Retail earnings season is in full swing and 3 big retailers are reporting earnings tomorrow: Movado, Tiffany and DSW.  I’m bullish on all 3.  In full disclosure I bought all 3 ahead of their earnings announcements last quarter and profited from each.  I’m aiming for a repeat tomorrow.


Movado is a jewelry retailer, mostly known for watches.  You may be noticing a theme on the blog but I really believe the retail growth stories are in luxury right now.  This isn’t just representative of the US, but especially due to growing taste for luxury goods and spending in China.  Movado is also benefiting from its branding relationships with other retailers such as Tommy Hilfiger.  According to analyst polls Movado’s earnings are expected to post a 30% gain over last year to 87 cents a share and revenue is expected to increase 15% to $184 million.  Last quarter Movado beat earnings and shares were up over 10% in they day earnings were announced.  Since then shares have jumped another $5, up to $47 today.


Tifanny is another high end jeweler benefiting from sales in Europe and Asia.  It’s also benefiting from a new design director who is expected to focus on more “high-fashion” jewelry.  Another promising note is that the company showed that it was able to implement price increases last quarter and establish wider gross margins.  Analysts expect earnings to be 15 percent higher than a year ago, to $0.58 per share and revenues for the quarter are predicted to have risen more than four percent year-over-year to $889.51 million. 


DSW is a shoe retailer that stocks both high and low end discounted shoes and bags.  Analysts estimate revenue of $658 million, at a 9% growth from last year, and earnings per share of $0.48, up 14% from last year.
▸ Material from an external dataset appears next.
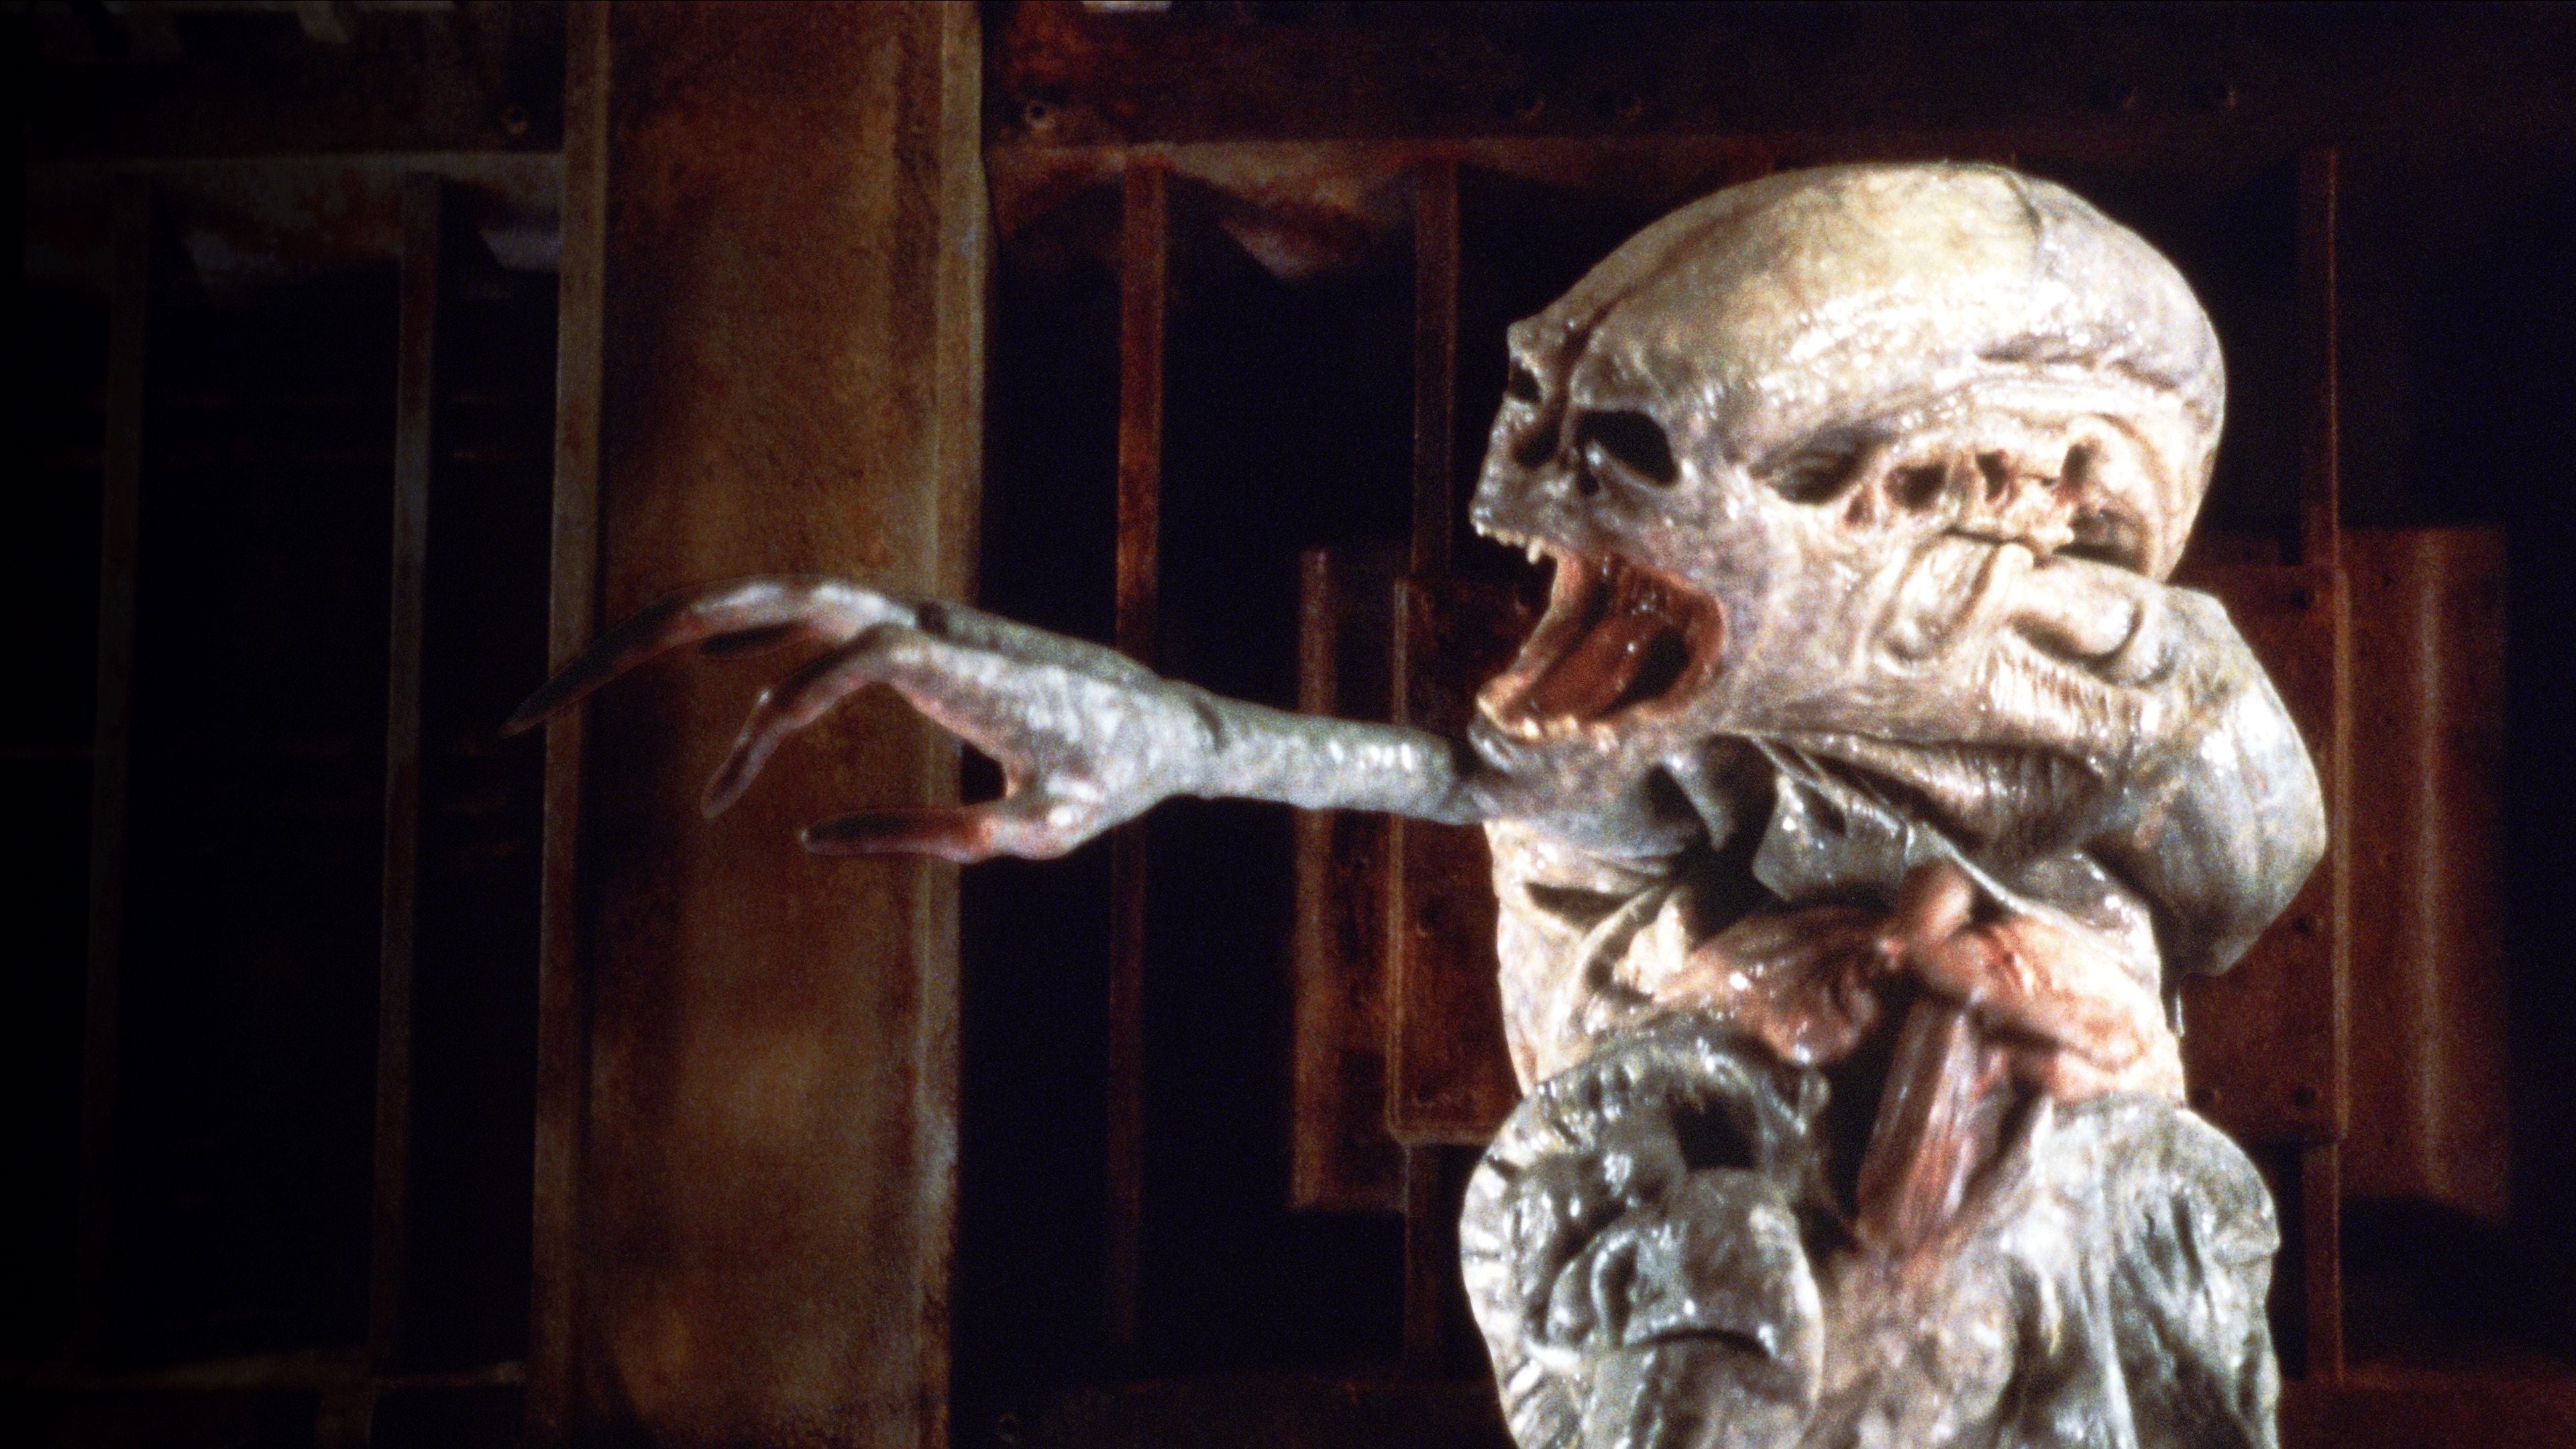 Alien 4. – Feltámad a Halál

DSW has beat estimates in four of the past five quarters and misses were narrow.  Plus, retailers that sell similar footwear, such as Macy’s, had strong earnings announcements this quarter.

One important note for DSW is that they implemented a stock split since the last earnings announcement (each share of stock becomes 2 shares, and the price of each share is halved).  The company will report third-quarter results and its comparable results from last year on a split-adjusted basis.